• [Data shown]:

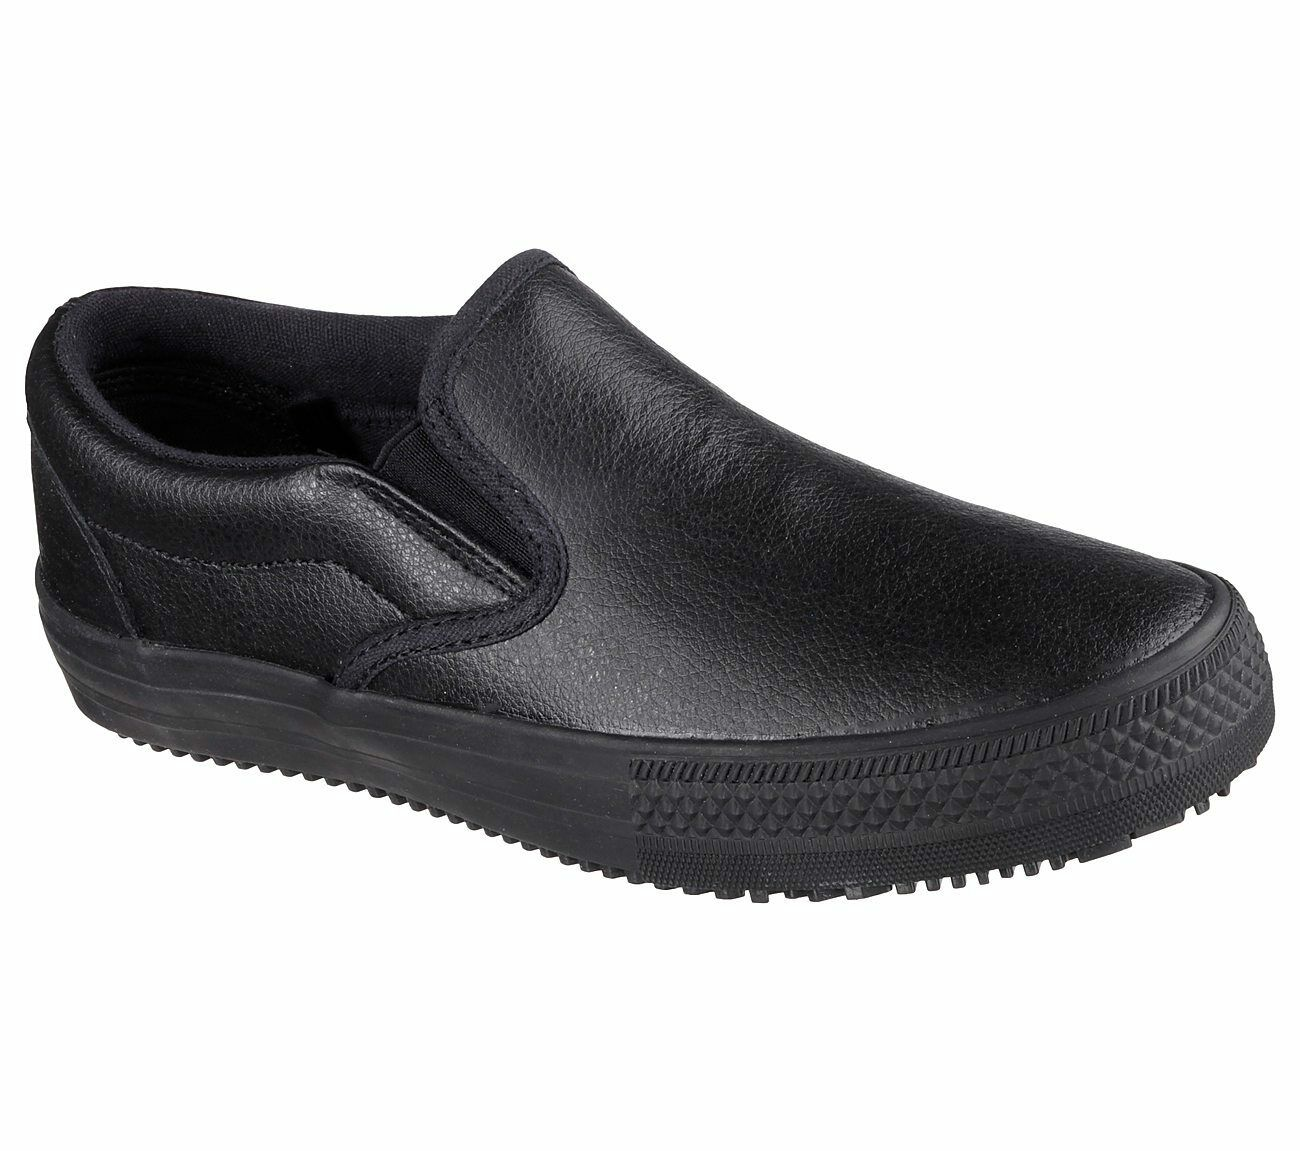 Skechers Gibson-Brogna Femme 76559 BLK noir Antidérapant Slip On chaussures
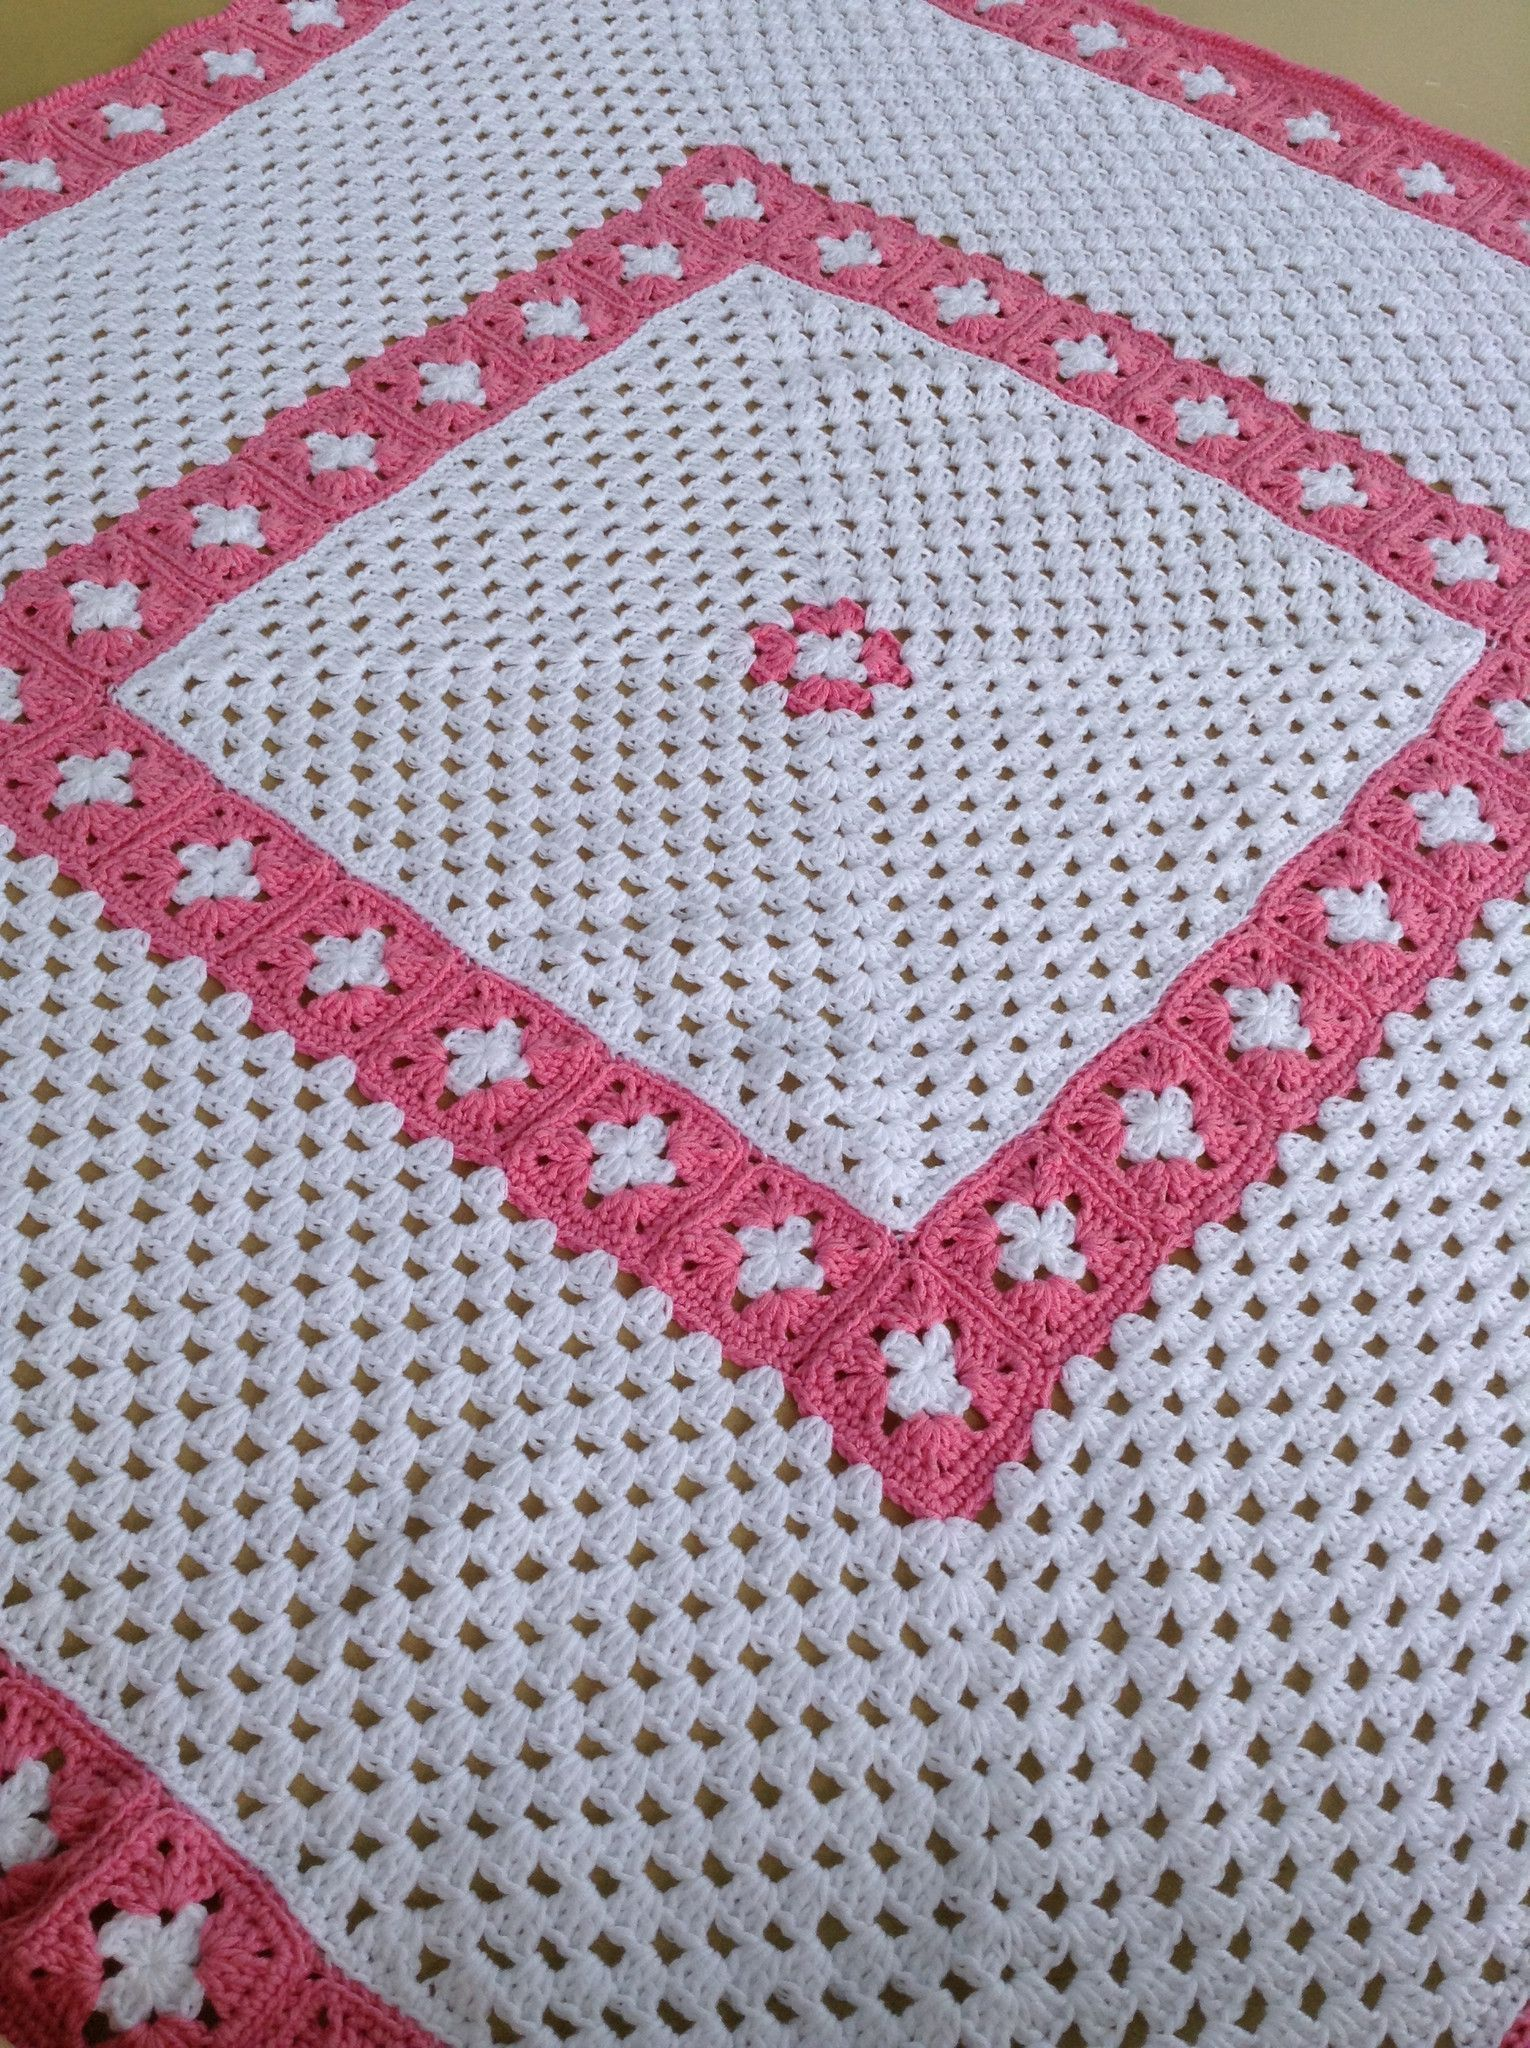 Vintage Granny Square Layette Crochet Pattern | Pinterest | Stoffe ...
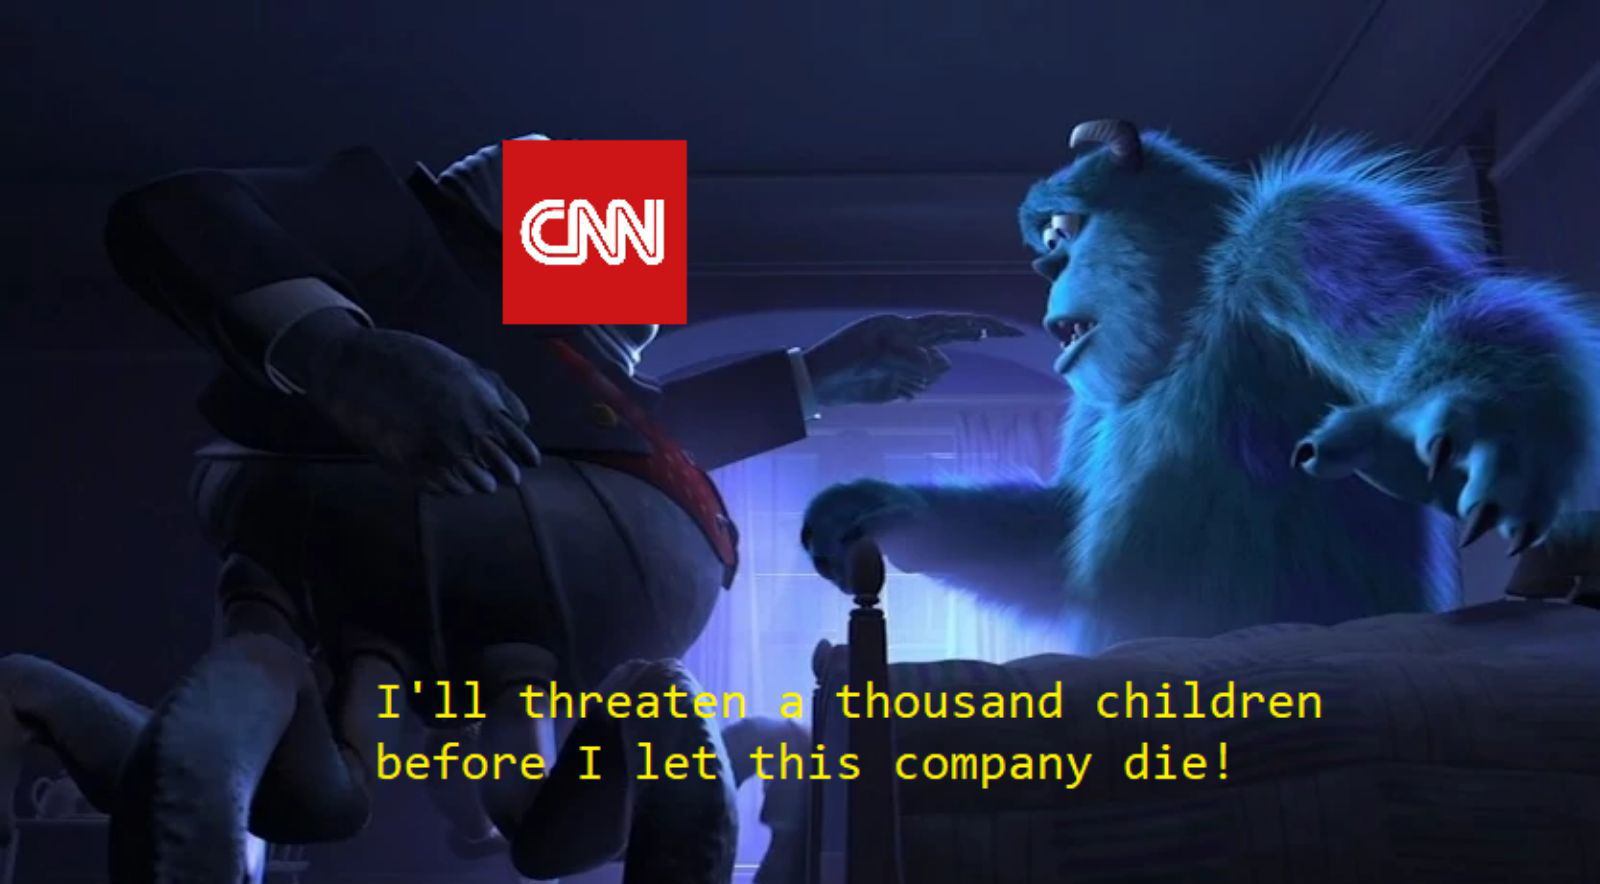 Clinton News Network - meme

• [Exercise aim]:
Everything in the data except the pictures must be retyped exactly.

• [Solution for this task]:
 Skechers Gibson-Brogna Femme 76559 BLK noir Antidérapant Slip On chaussures
 Vintage Granny Square Layette Crochet Pattern | Pinterest | Stoffe ...
 Clinton News Network - meme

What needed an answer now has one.